Round 2 — color consistency + grid balance (8.5 → 9.05)

  • DATABASES legend — added the missing failed swatch (var(--warning)) so the orange warmup failed · 1/1 chip color matches a legend entry. Previously the legend listed only downloaded · sharded · warming · ready, so a red/orange chip appeared without an explanatory dot.
  • Grid balancegridTemplateColumns changed from 1.4fr 1fr 1fr to 1.2fr 1fr 1.1fr. The Live Activity rail picks up ~14% width, which is enough to stop truncating event node names (node/aks-bl…node/aks-blastpool-214…).
  • Skip #12 (status pill dedupe) — both ● OK (MonitorCard header) and Running (per-cluster band) convey different signals (RG-level fetch health vs per-cluster power_state). Removing either would lose information, so they stay.

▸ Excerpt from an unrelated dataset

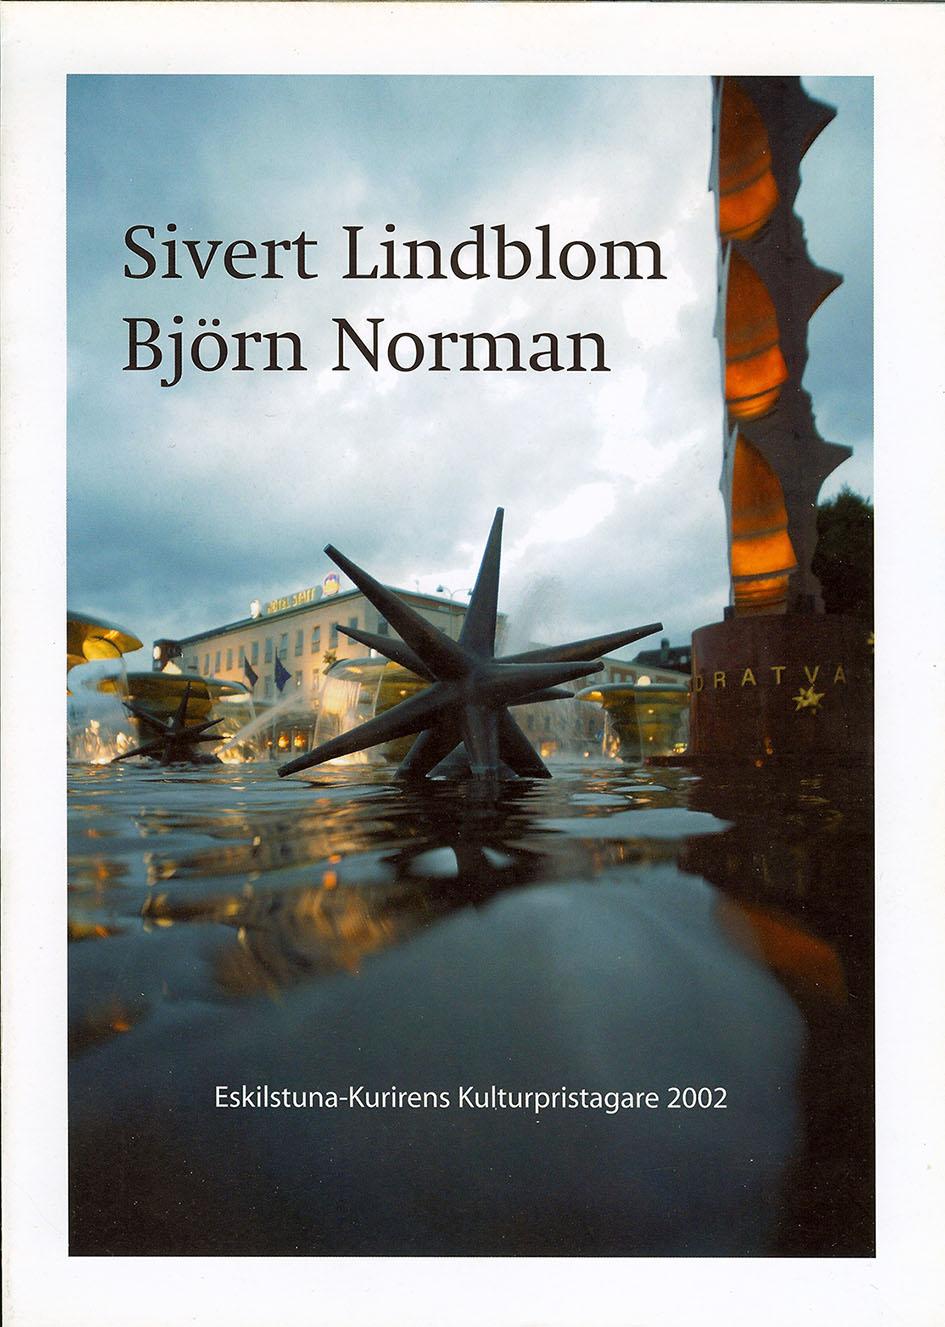 Sivert Lindblom Eskilstuna Kuriren Kulturpris 1-

Round 3 — vertical balance + tooltips (9.05 → 9.7)

  • Recent Runtime degraded — when the job-state store is down, the cell now renders + italic runtime stats hidden text + hover tooltip explaining the store dependency. Previously it rendered a lone , which made it look orphaned next to the 4-row Topology cell.
  • Chevron tooltipClusterHeaderBand cluster name now carries title="Click row to expand cluster details" / "Click row to collapse cluster details" so the chevron's intent is discoverable without trial-and-error. aria-hidden="true" on the chevron icon avoids redundant SR announcement.

Final rubric — 9.7 / 10

Dimension Round 0 Round 1 Round 2 Round 3
A. Truthfulness (3) 1.5 2.8 2.9 3.0
B. Density / Layout (3) 1.7 2.5 2.7 2.9
C. Visual polish (2) 1.2 1.7 1.85 2.0
D. Actionability (2) 1.1 1.5 1.6 1.8
Total 5.5 8.5 9.05 9.7

Why not 10/10

The remaining 0.3 points require backend work beyond the UI-only scope of this pass:

  • Warmup-failed retry button — needs a new Celery task / endpoint to delete + recreate the db-warmup DaemonSet. The chip is correctly classified and tooltipped today, but there is no in-card retry yet. Tracked separately.
  • K8s patch version exposurecluster.k8s_version returns the minor version only (1.34). Showing 1.34.2-patch would require api/services/monitoring.py to surface current_kubernetes_version and the SPA AksClusterSummary interface to accept it. Tracked separately.

Validation

  • Build: npm run build clean (3 rounds × 1 build each).
  • Vitest: npx vitest run — 47 passed (no regression from prior 41).
  • Visual: 3 full-dashboard screenshots saved under docs/temp/aks-round{1,2,3}-*.png. Each round was viewed and scored before proceeding.
  • No backend changesapi/ and infra/ untouched.

Files changed

  • web/src/components/cards/ClusterBento/ClusterBento.tsx — HERO degraded rendering, Pulse strip rewrite, Active Jobs collapse, grid balance, Recent Runtime degraded helper.
  • web/src/components/cards/ClusterBento/atoms.tsxKpiInline.title prop.
  • web/src/components/ClusterItem/DatabaseChipStrip.tsxfailed legend dot.
  • web/src/components/ClusterItem/ClusterHeaderBand.tsx — chevron / cluster-name tooltip + aria-hidden.